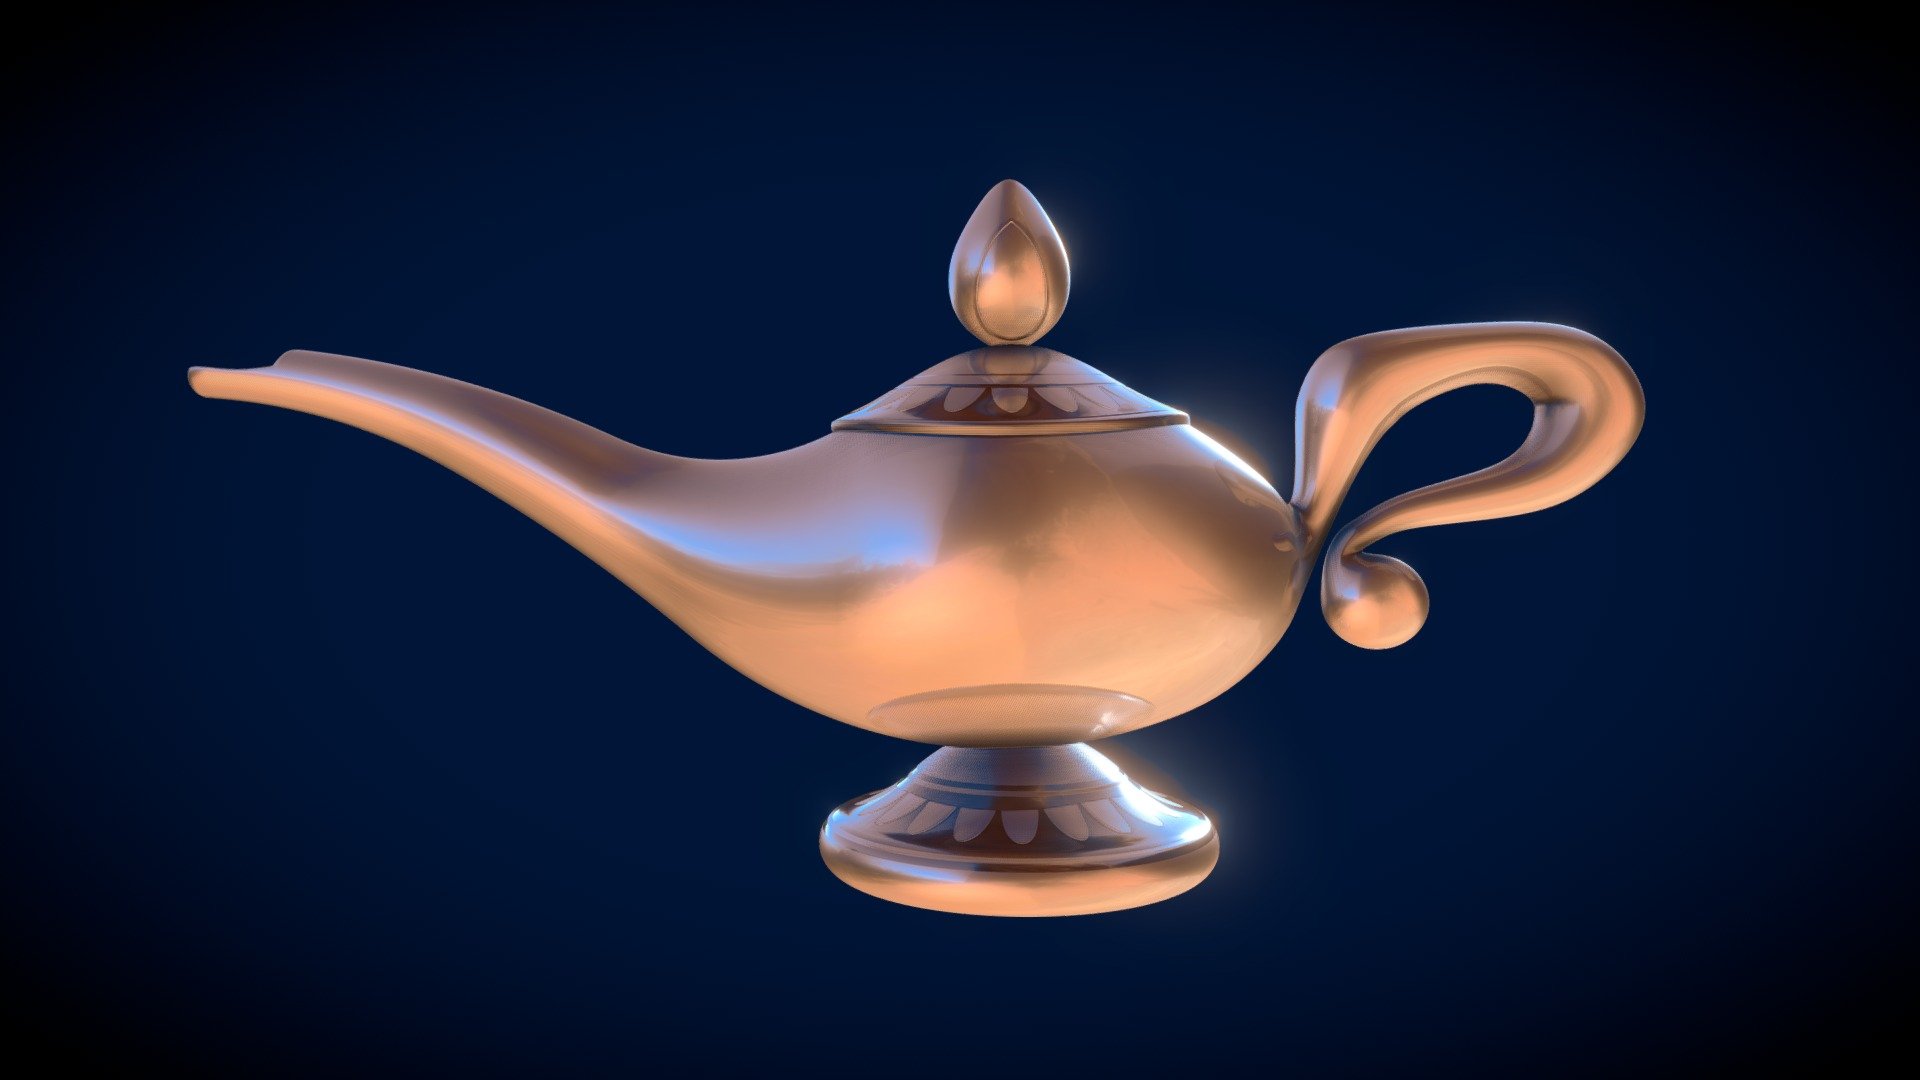 magic lamp aladdin
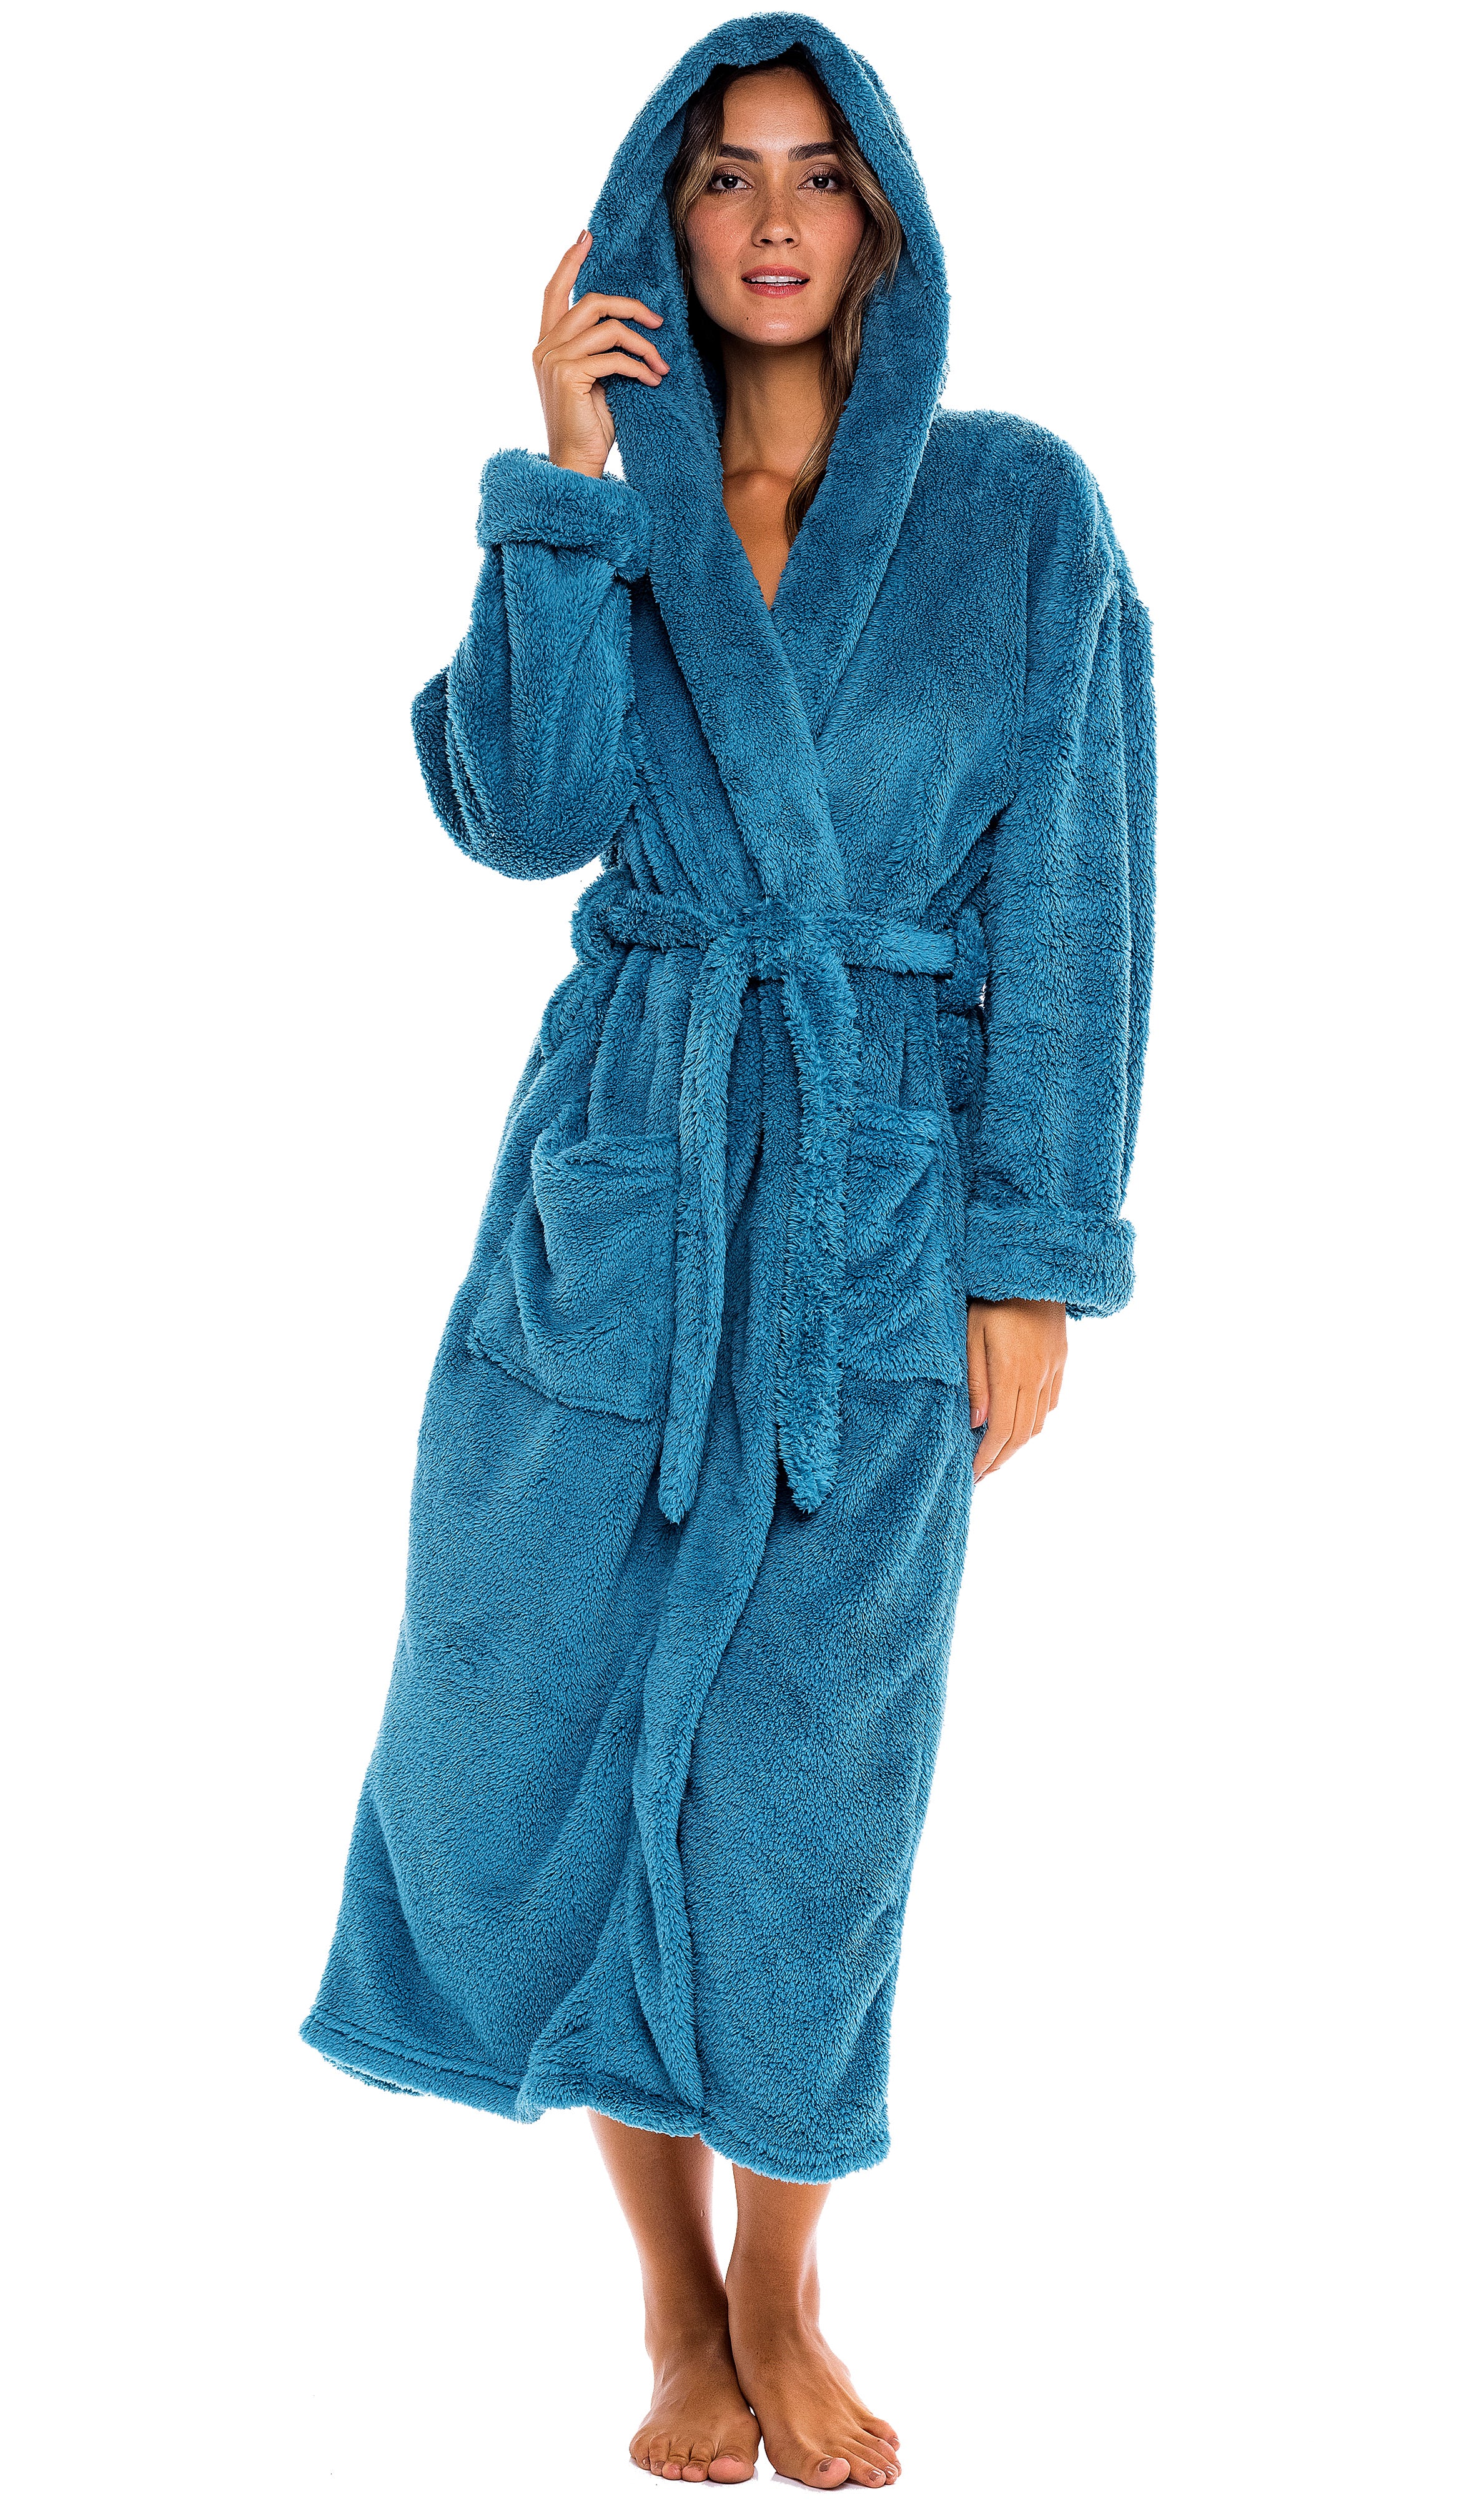 Women's Fuzzy Plush Fleece Bathrobe with Hood, Soft Warm Hooded
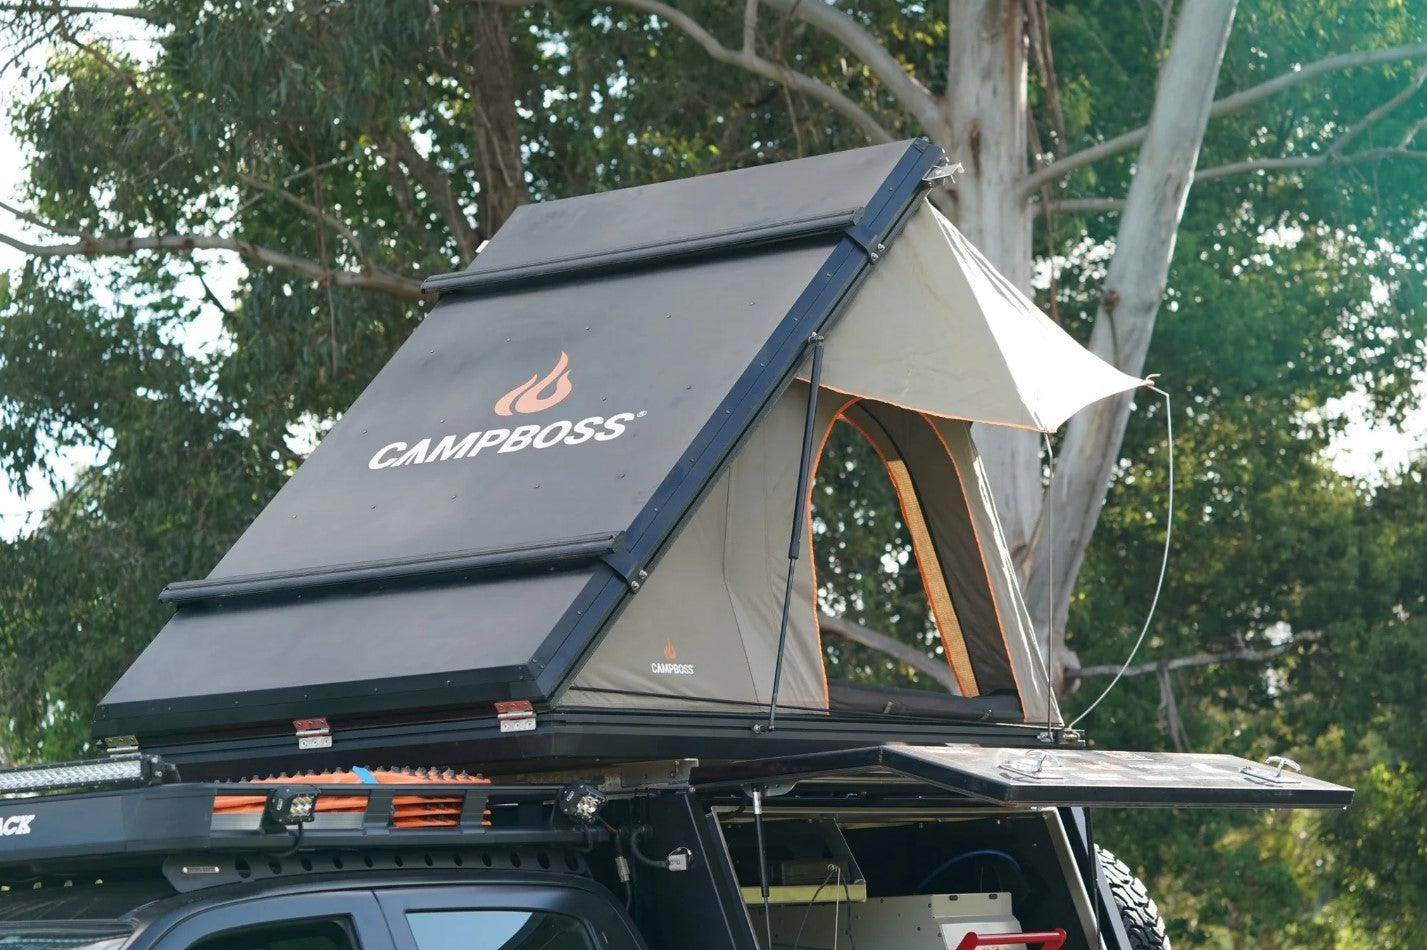 Tente de toit avec coque rigide en aluminium de la marque campboss sur 4X4

[What the task asks]
Output the data above exactly; pictures do not belong in the copy.

[Solution to this exercise]
 magic lamp aladdin
 Women's Fuzzy Plush Fleece Bathrobe with Hood, Soft Warm Hooded
 Tente de toit avec coque rigide en aluminium de la marque campboss sur 4X4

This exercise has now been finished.